> **DATA**
▶
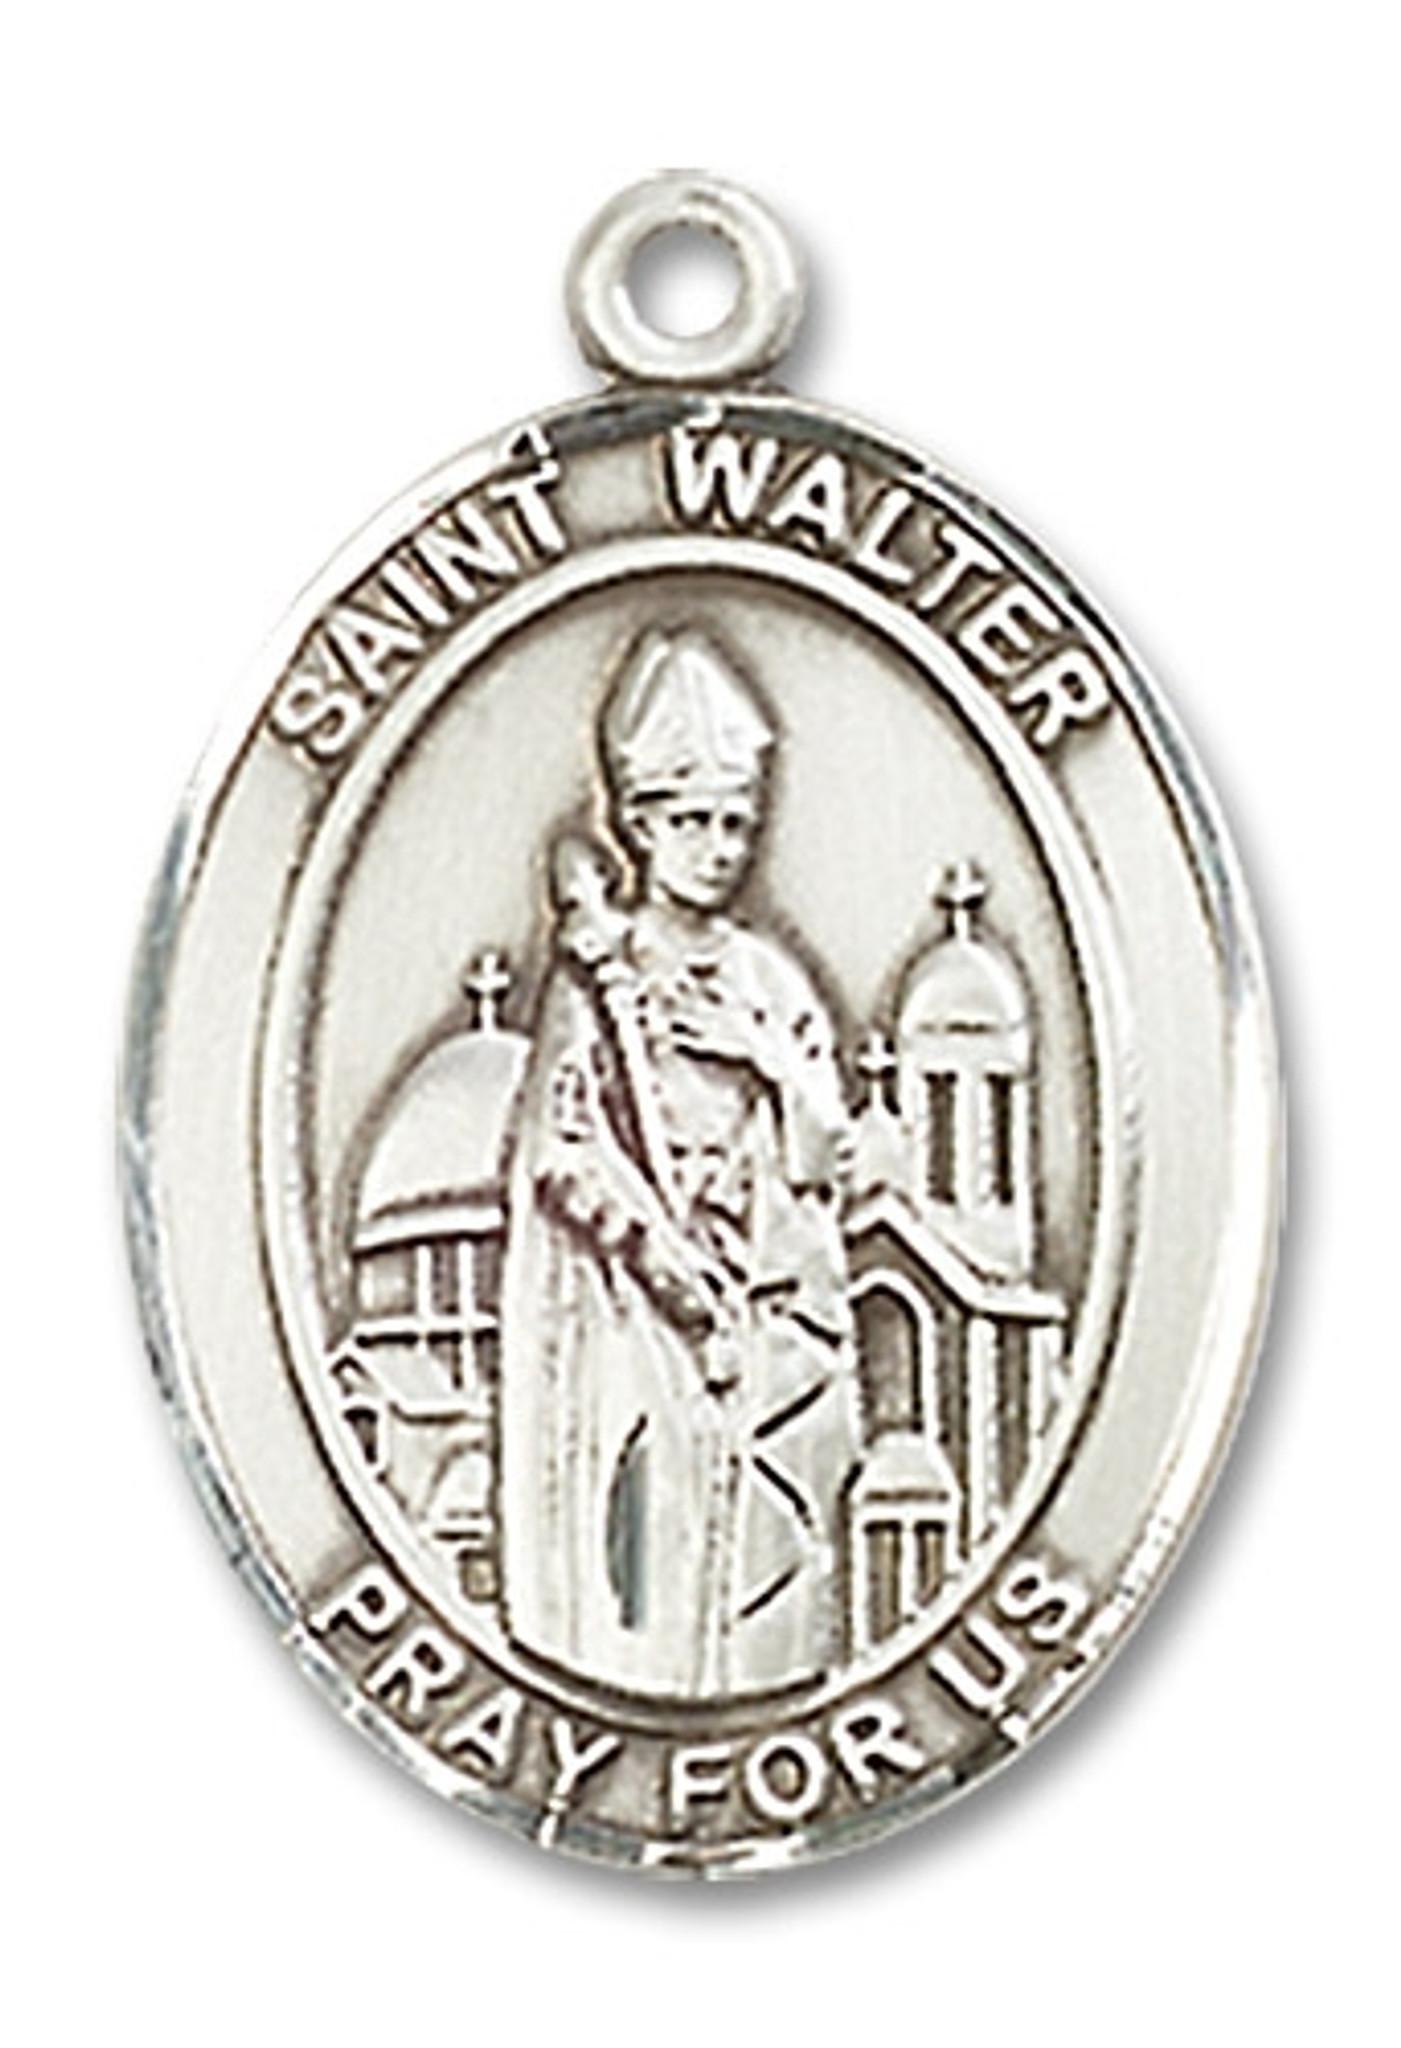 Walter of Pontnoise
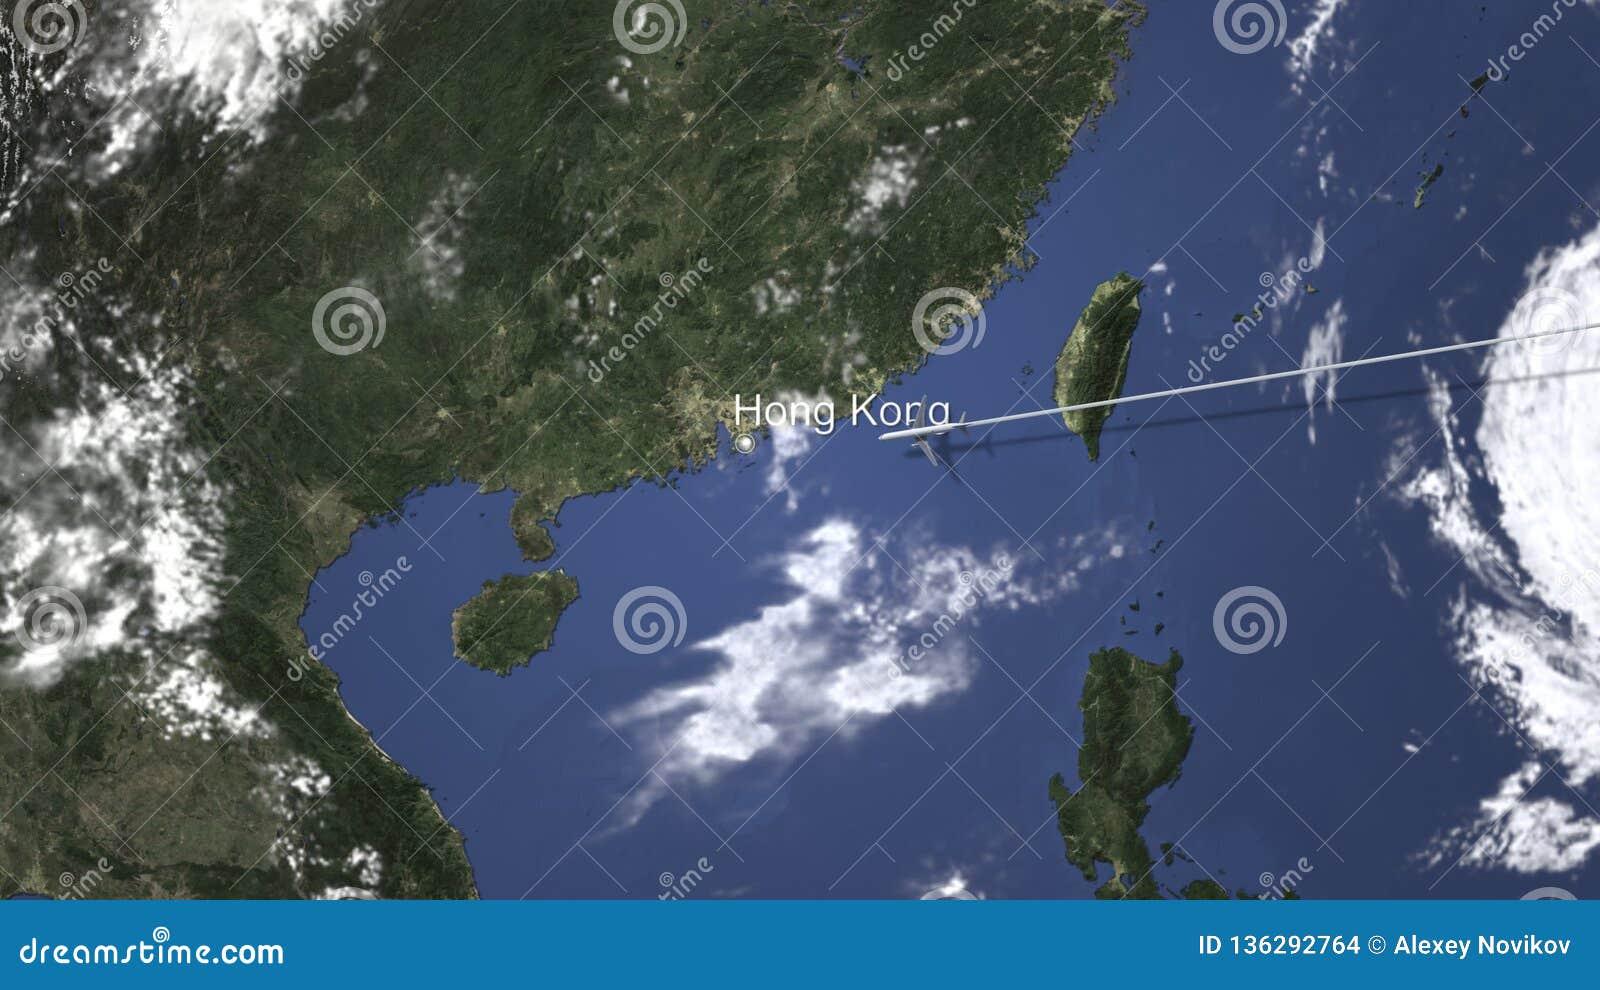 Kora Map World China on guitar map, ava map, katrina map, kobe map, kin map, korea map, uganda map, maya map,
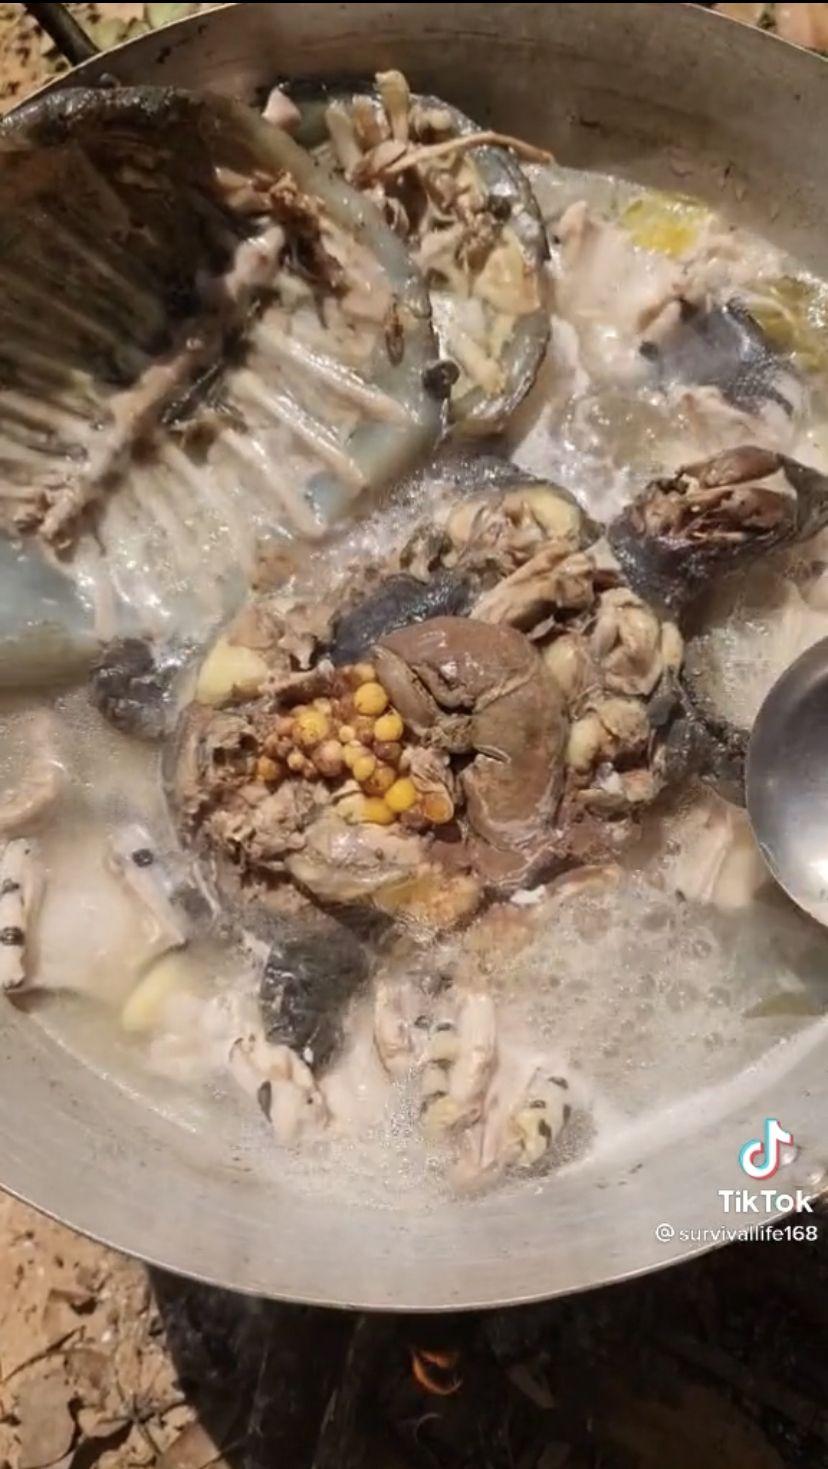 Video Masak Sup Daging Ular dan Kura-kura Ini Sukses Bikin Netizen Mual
◀
> **WORK TO BE COMPLETED**
Only the lines from the line containing "Kora Map World" through the end of the material should be retyped, exactly and in full, with no pictures.

> **RESPONSE**
 Kora Map World China on guitar map, ava map, katrina map, kobe map, kin map, korea map, uganda map, maya map,
 Video Masak Sup Daging Ular dan Kura-kura Ini Sukses Bikin Netizen Mual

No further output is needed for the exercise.